[Opening STORED DATA section]

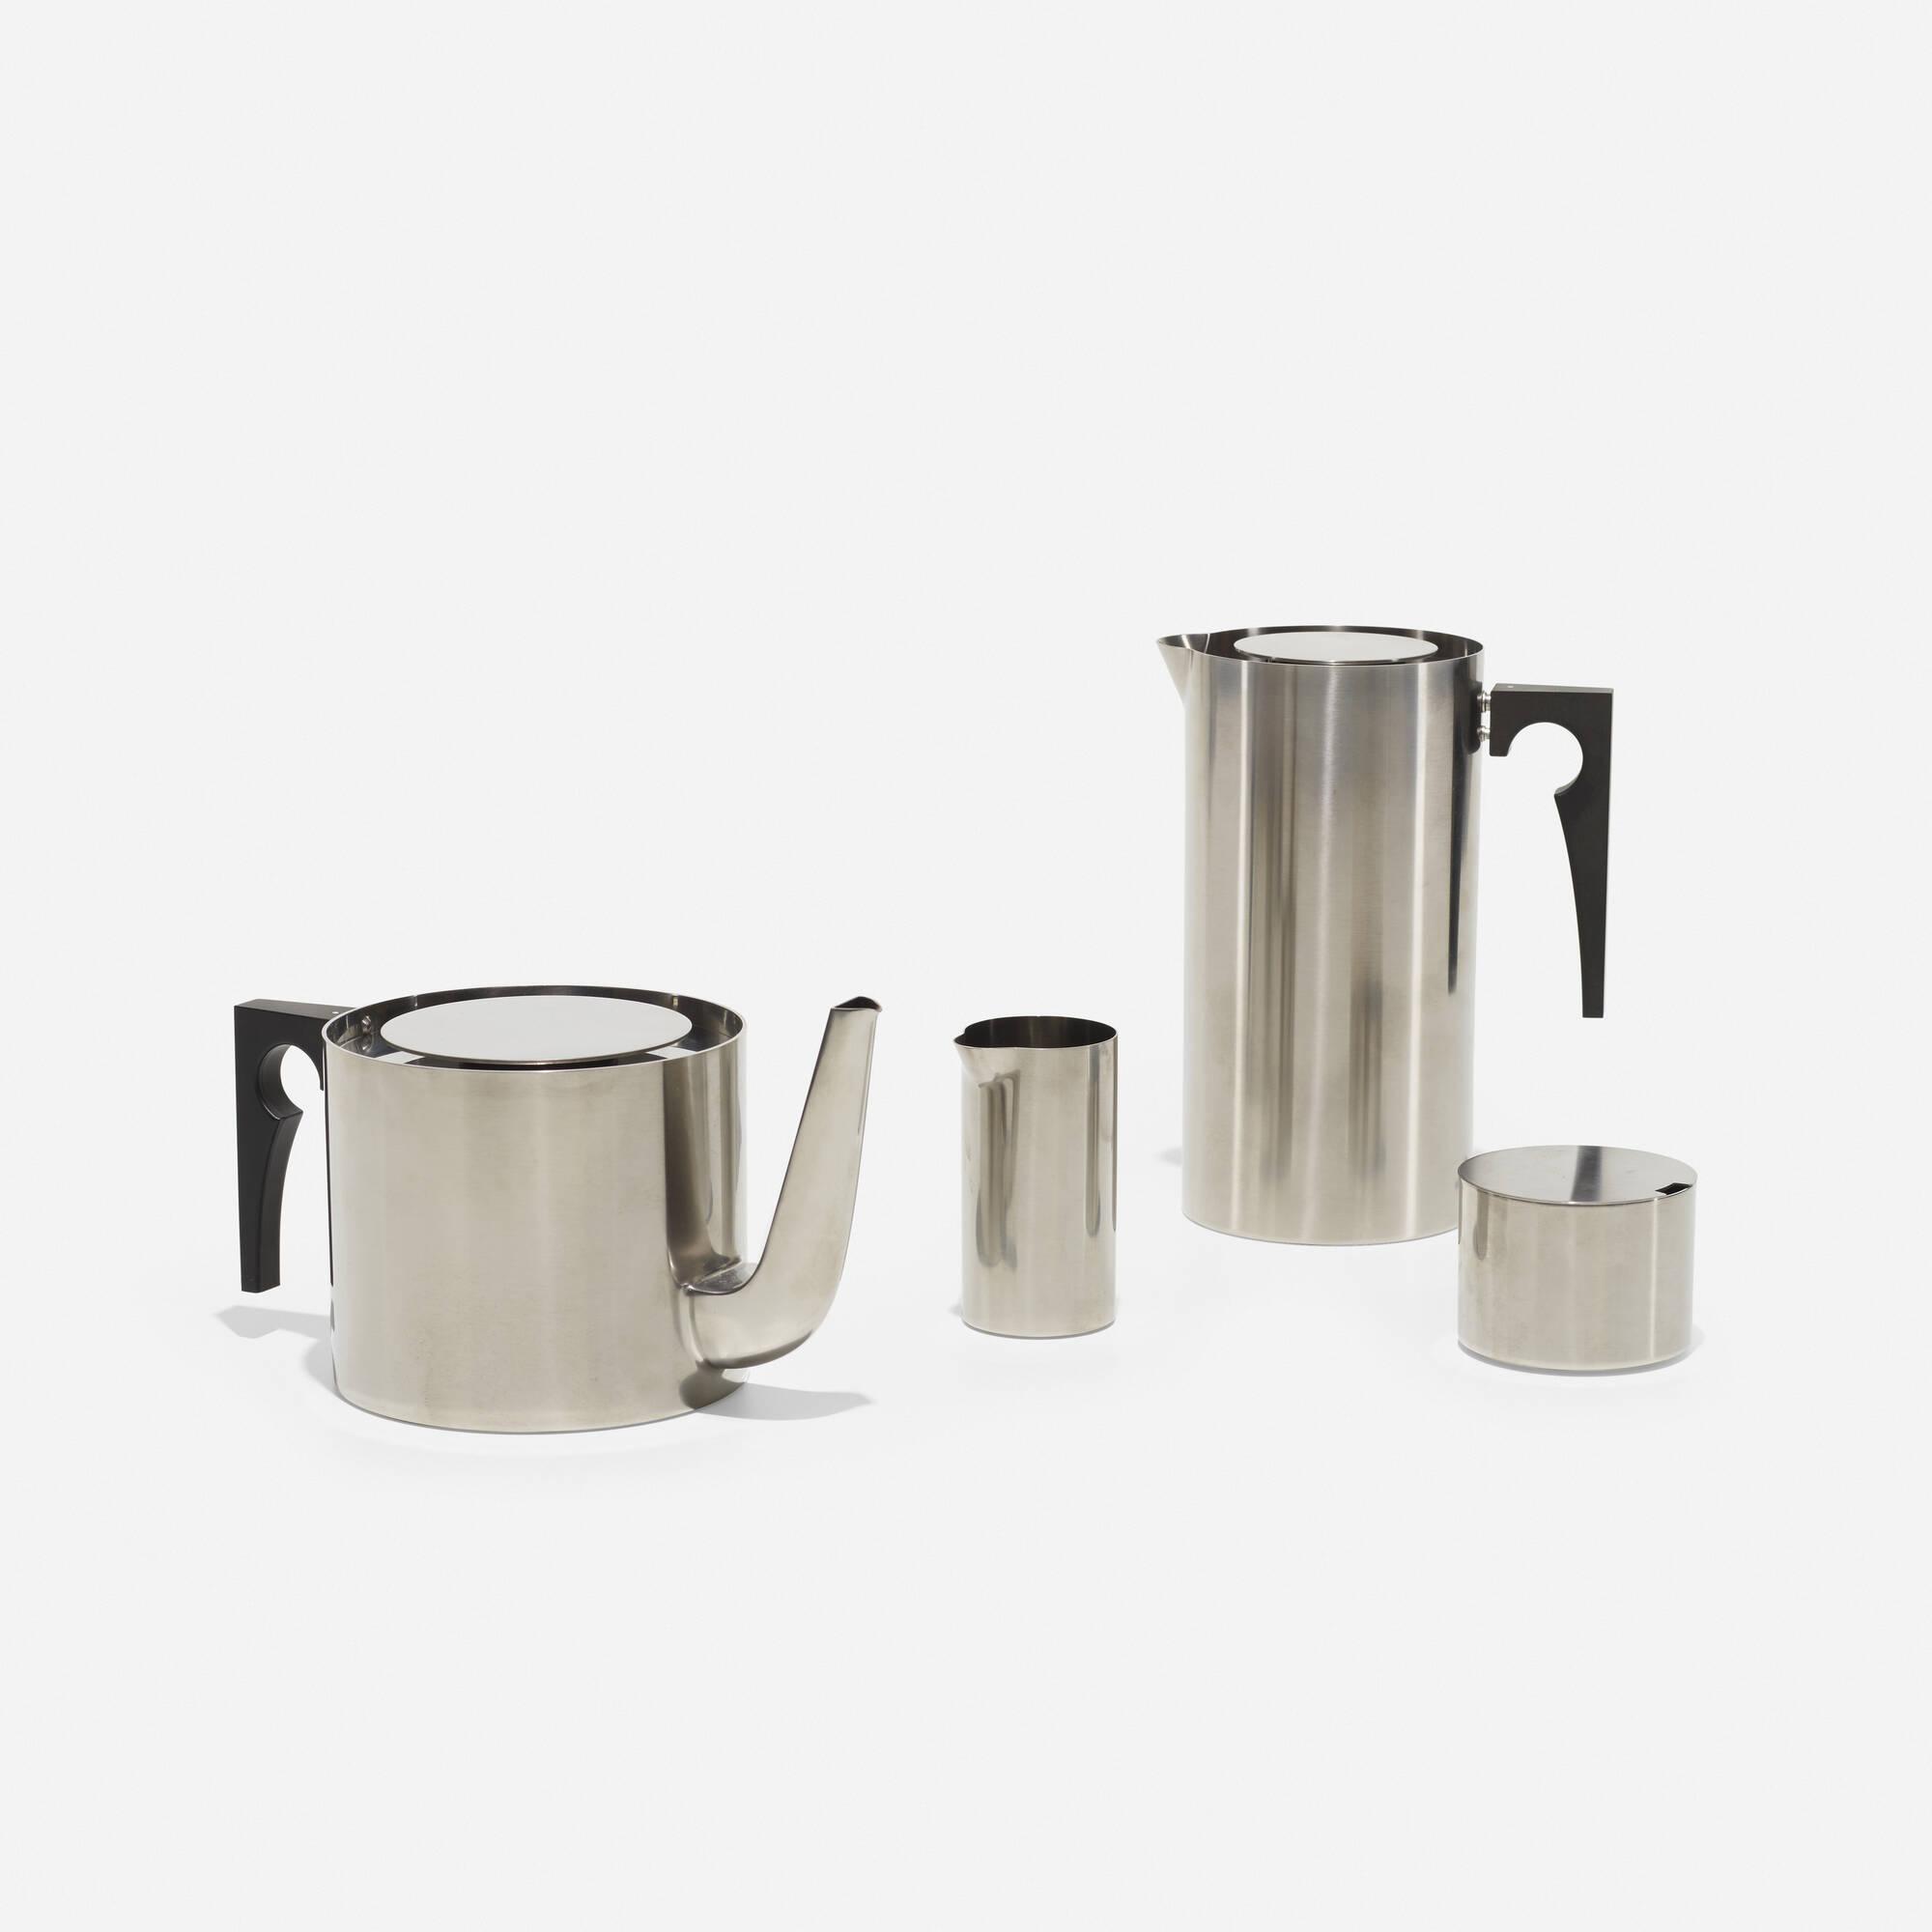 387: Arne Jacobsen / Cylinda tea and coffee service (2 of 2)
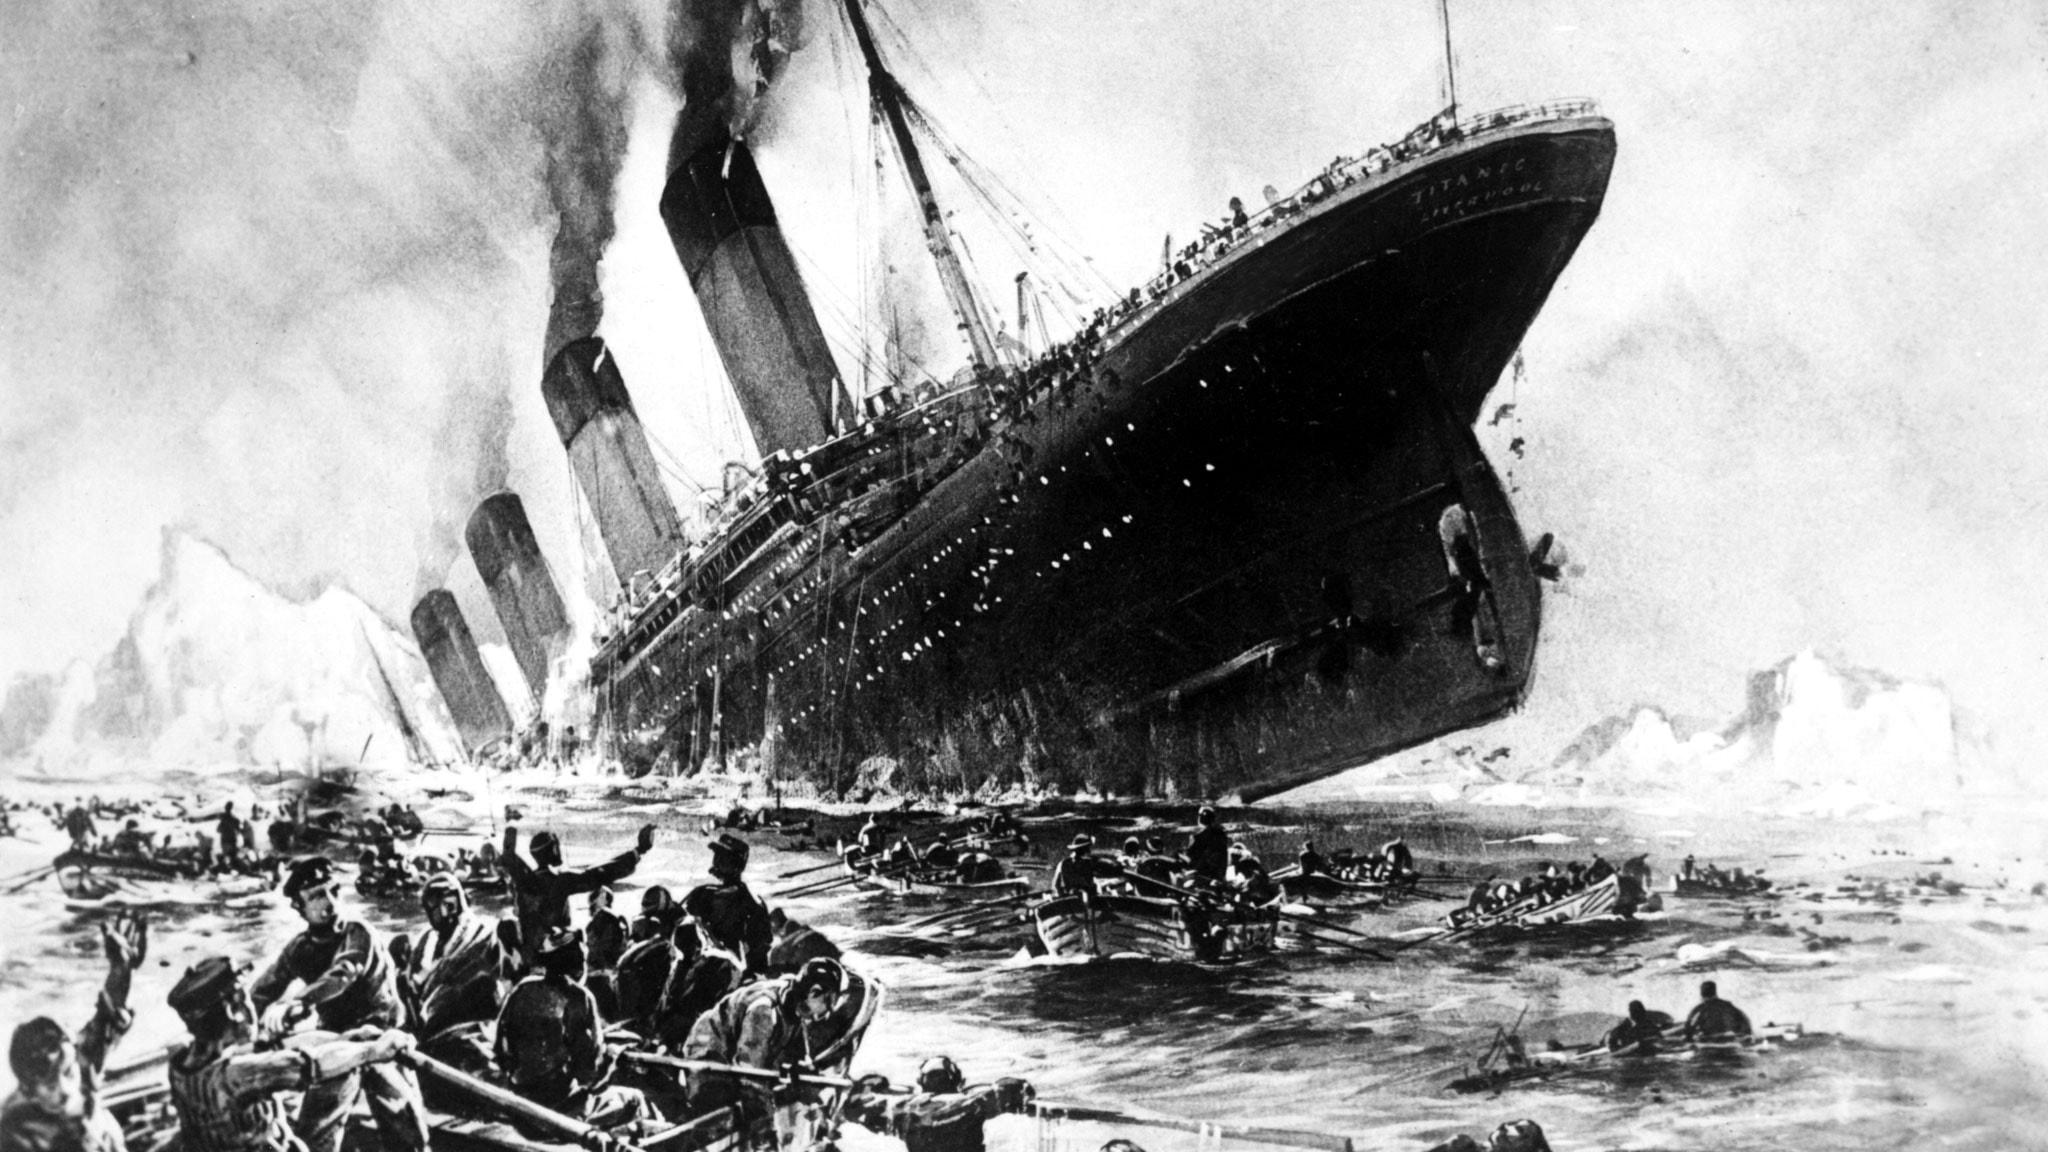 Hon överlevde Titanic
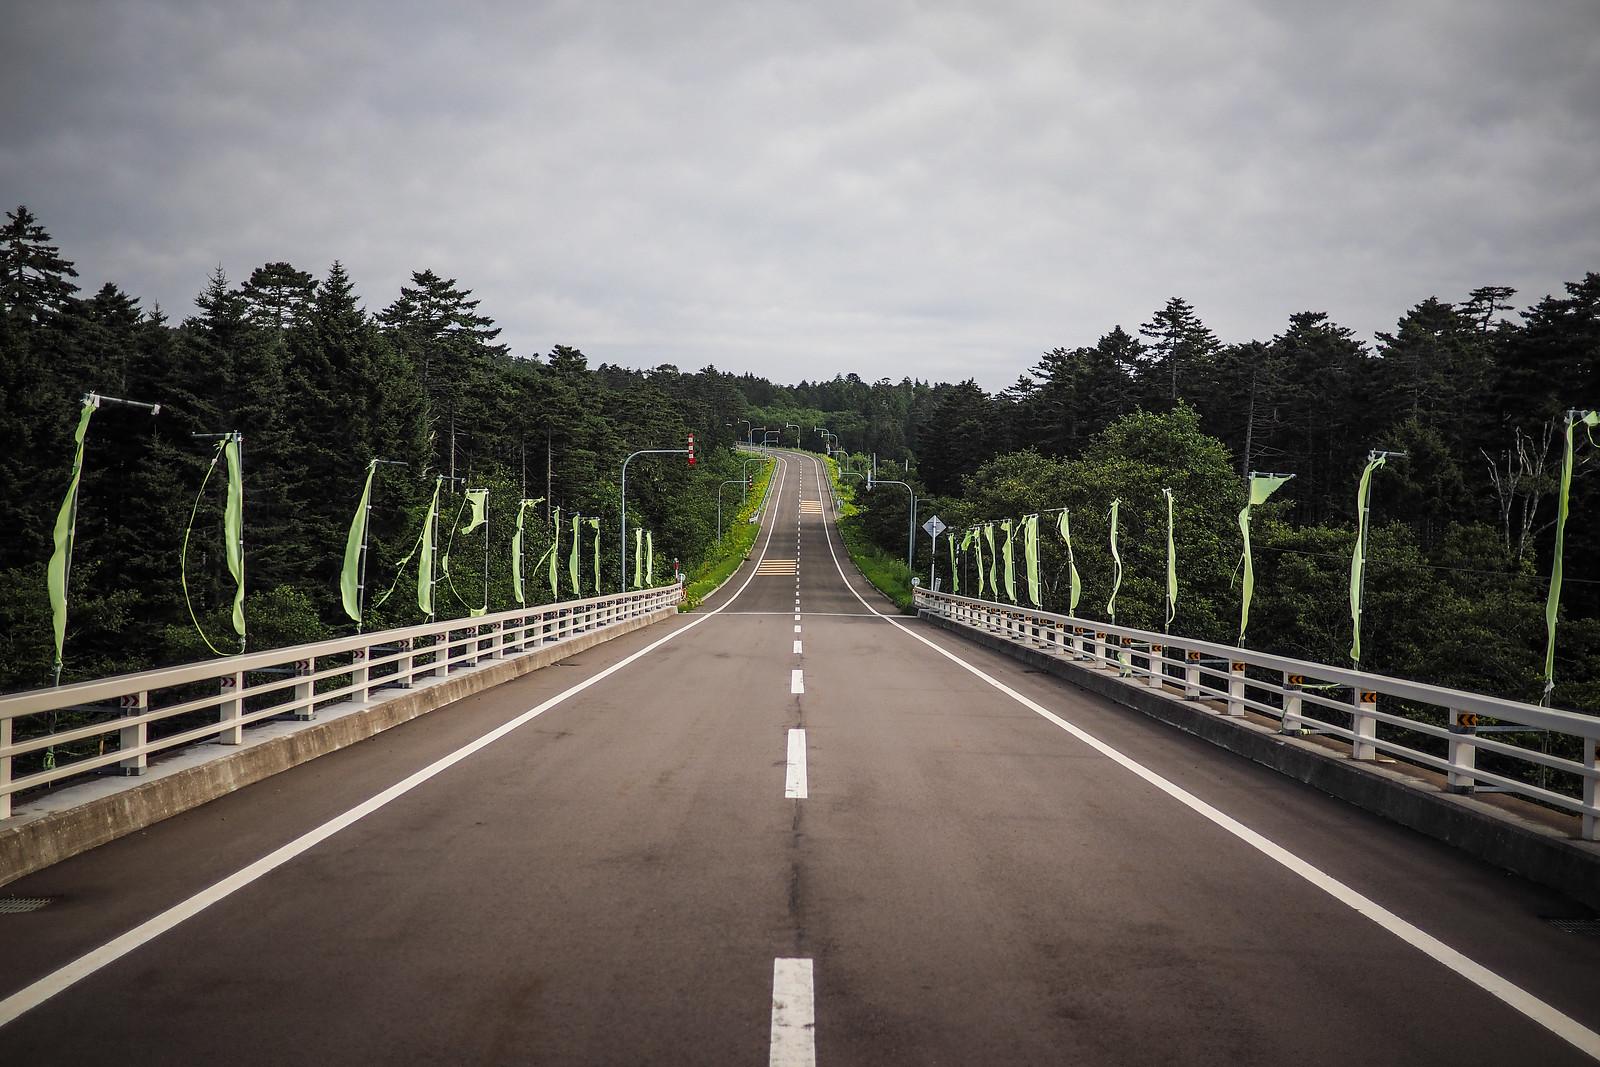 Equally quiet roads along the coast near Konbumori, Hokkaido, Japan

[Closing STORED DATA section]

An exact copy of the data above is required, printed without its pictures.

 387: Arne Jacobsen / Cylinda tea and coffee service (2 of 2)
 Hon överlevde Titanic
 Equally quiet roads along the coast near Konbumori, Hokkaido, Japan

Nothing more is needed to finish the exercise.